» Exercise requirements: An exact copy of the data is needed, one that excludes all pictures.

» Supplied material:
========================================================================

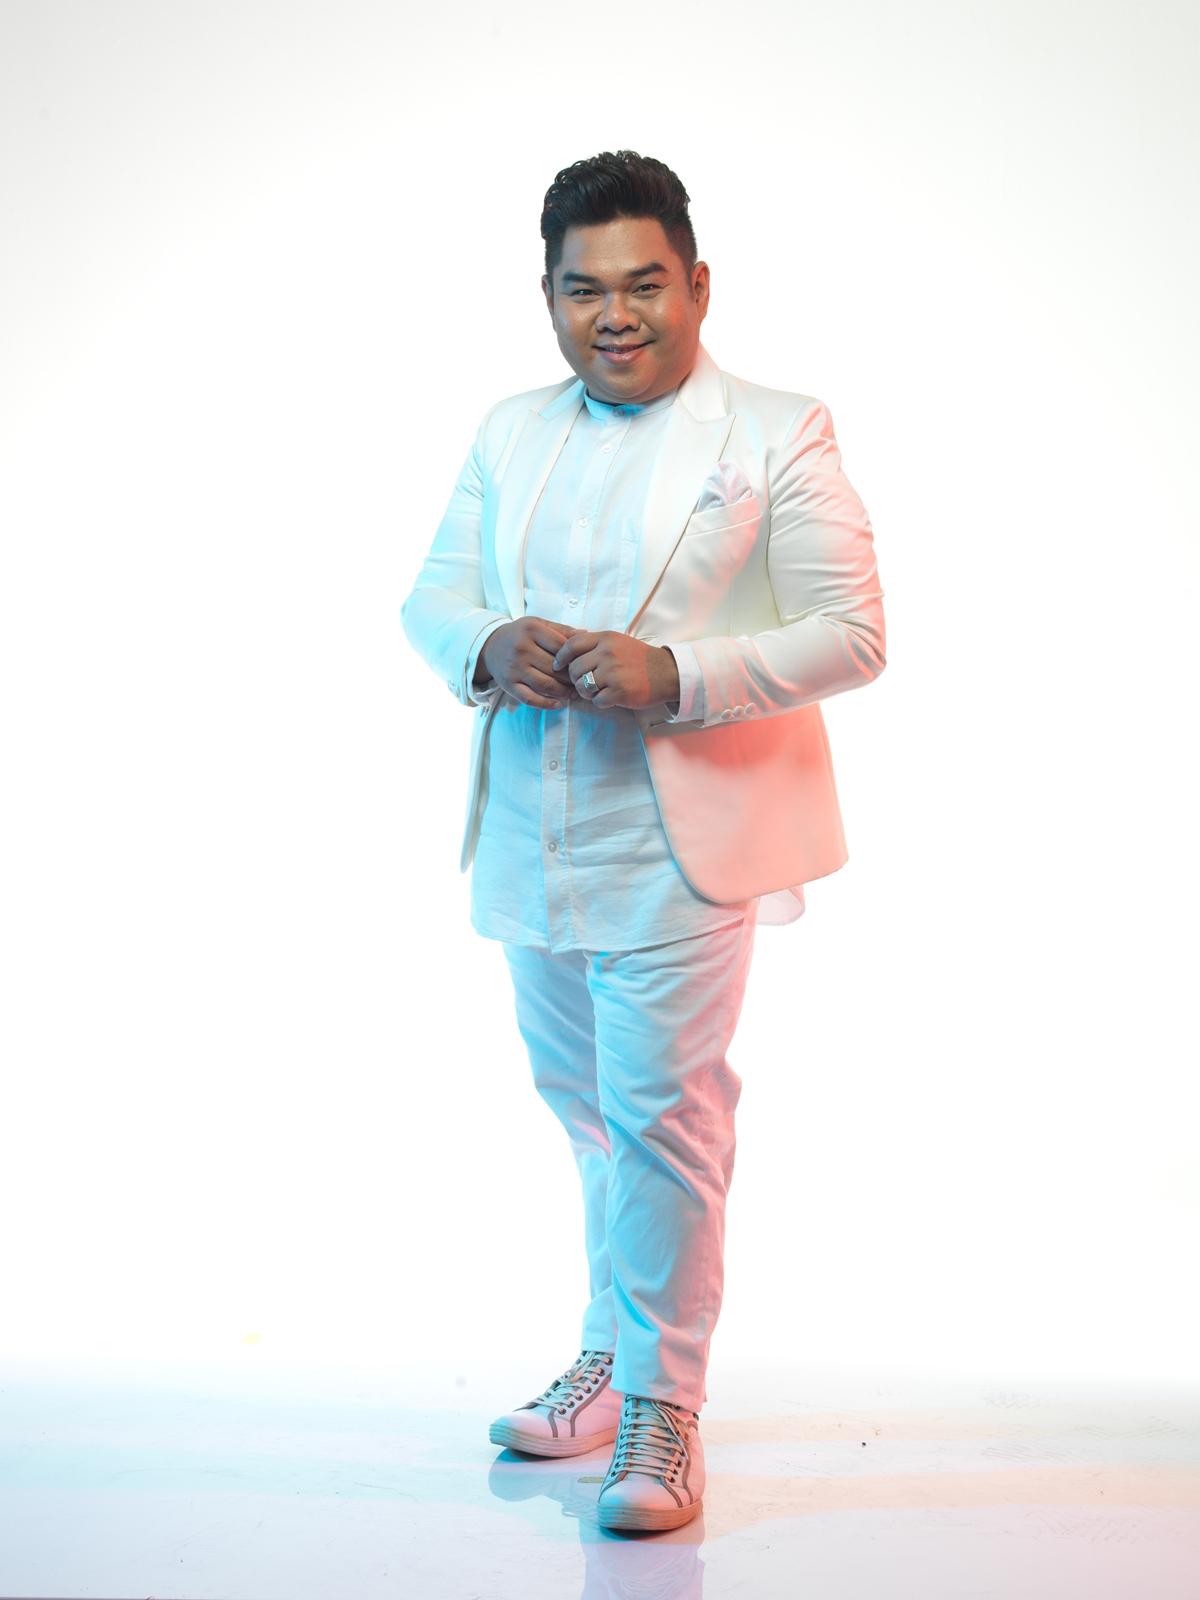 AFMEGASTAR 2017 - Senarai Peserta, Senarai Lagu & Keputusan Konsert Mingguan Akademi Fantasia Mega Star 2017
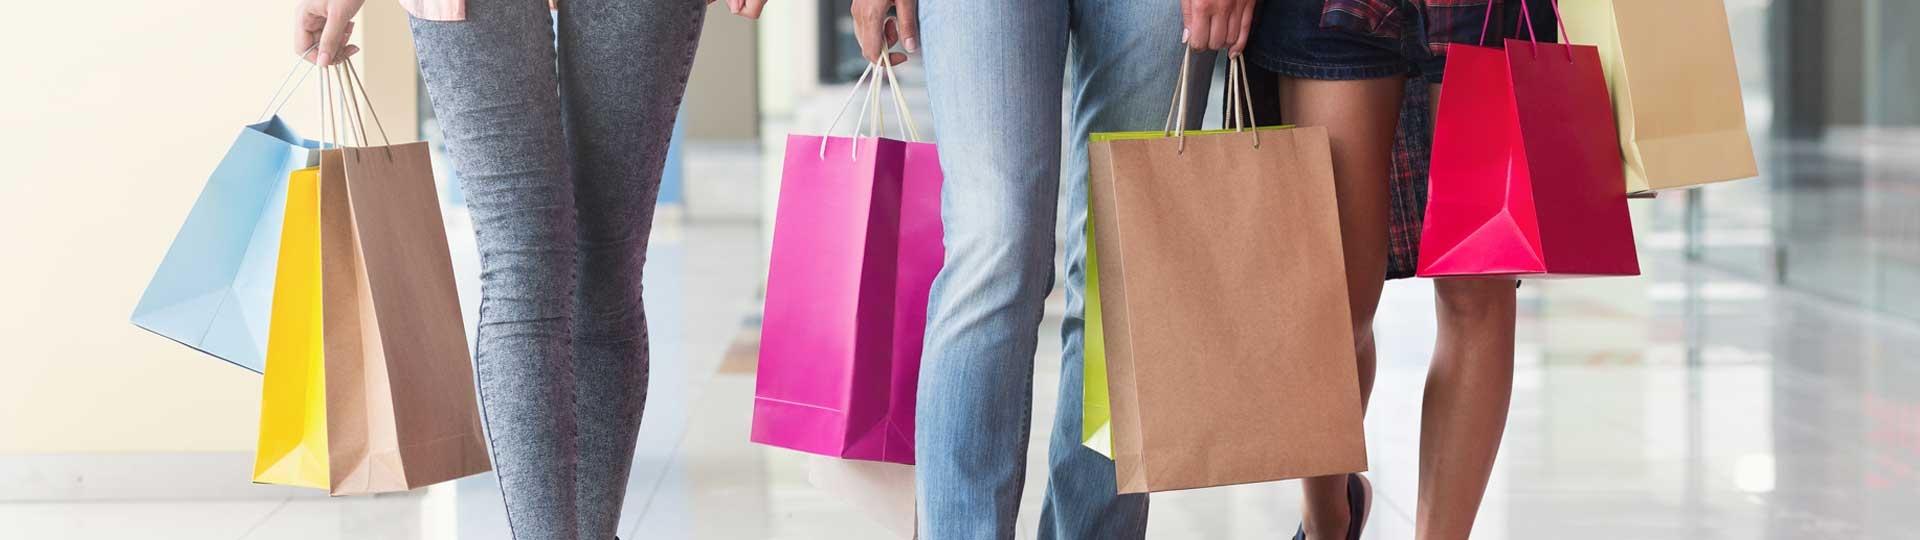 Profitez du déstockage de chaussures homme et femmes
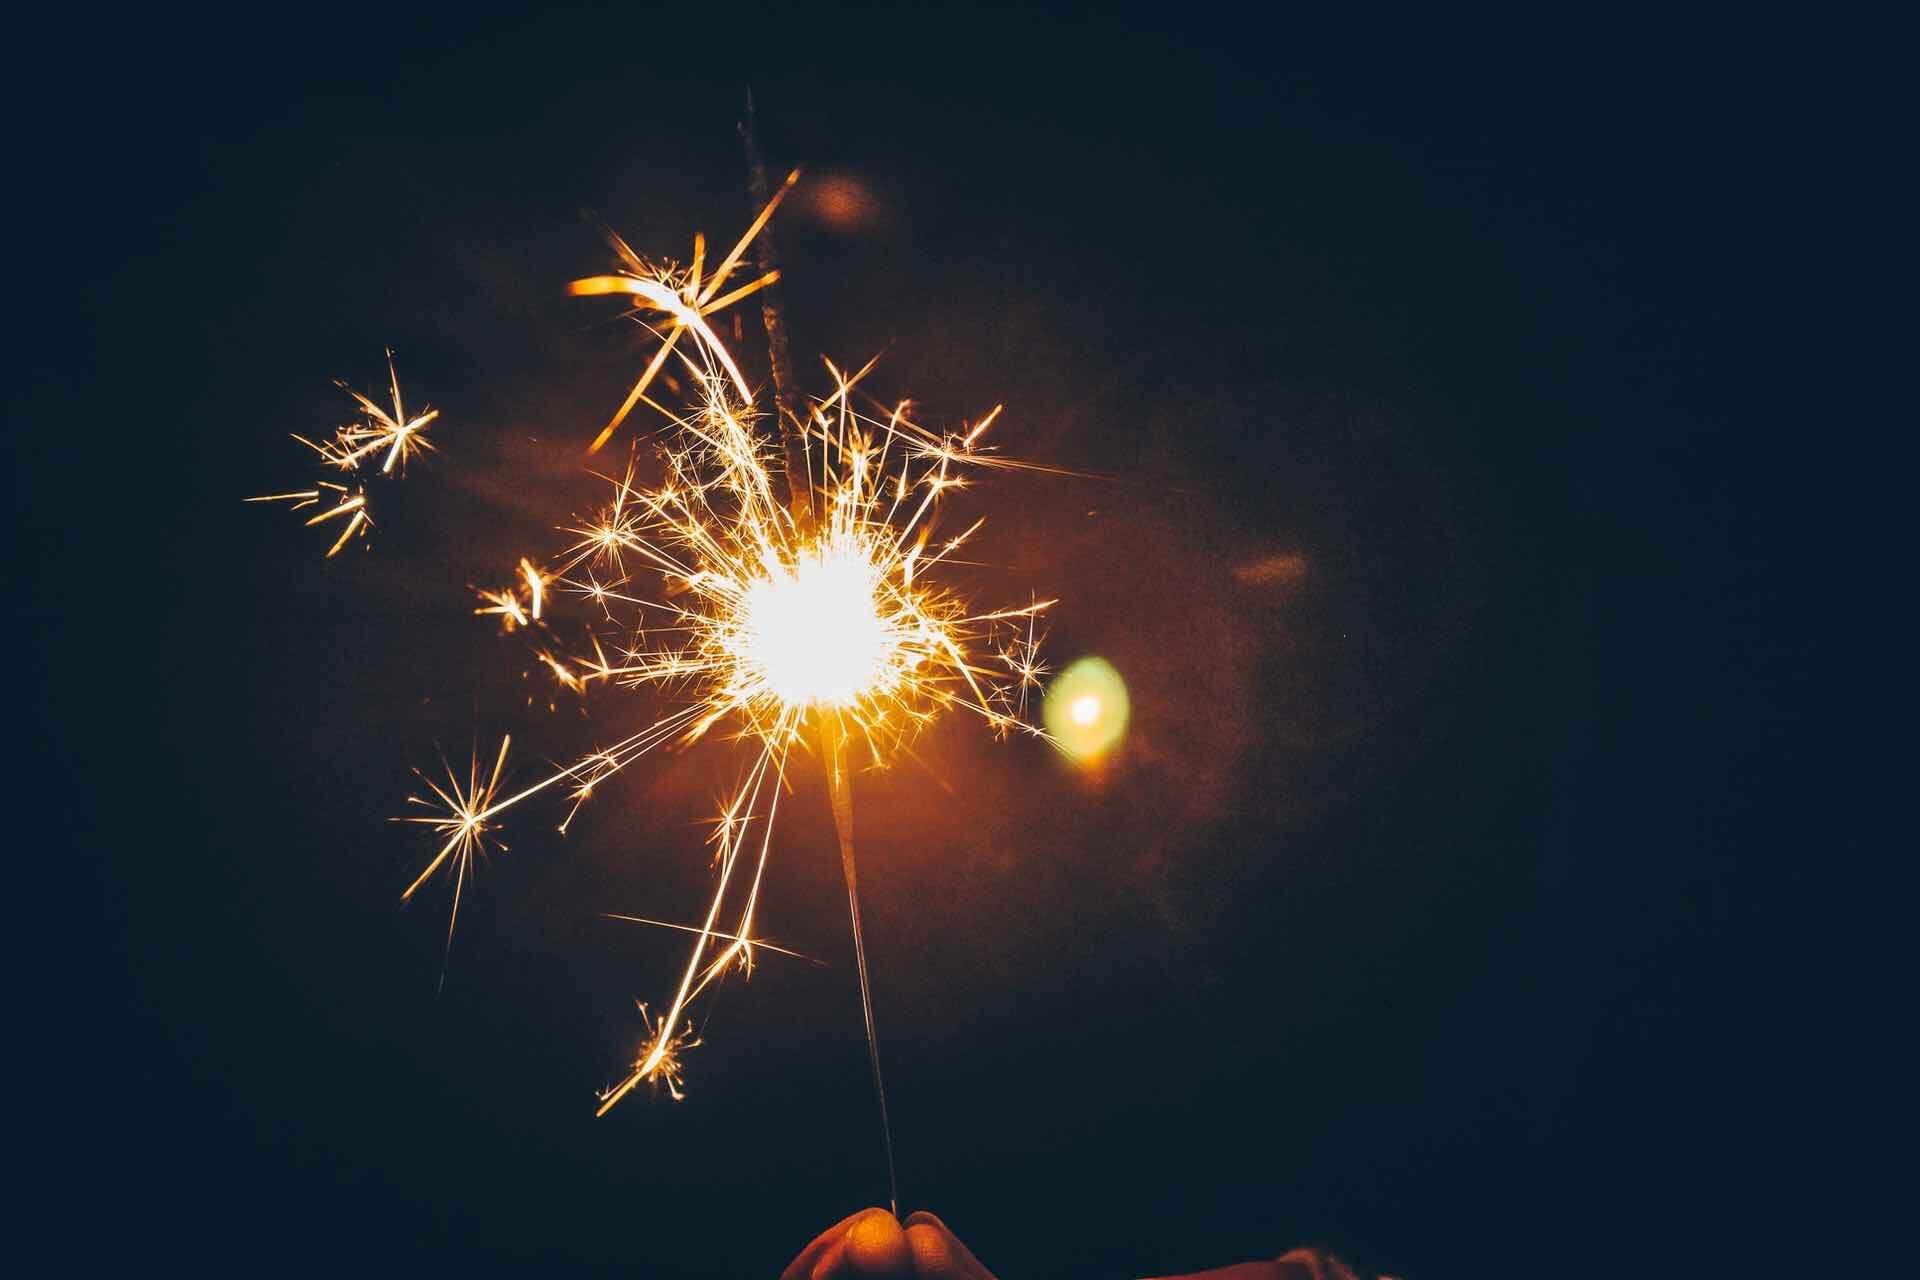 célébration fierté confetti étincelle

========================================================================

» Solved problem:
 AFMEGASTAR 2017 - Senarai Peserta, Senarai Lagu & Keputusan Konsert Mingguan Akademi Fantasia Mega Star 2017
 Profitez du déstockage de chaussures homme et femmes
 célébration fierté confetti étincelle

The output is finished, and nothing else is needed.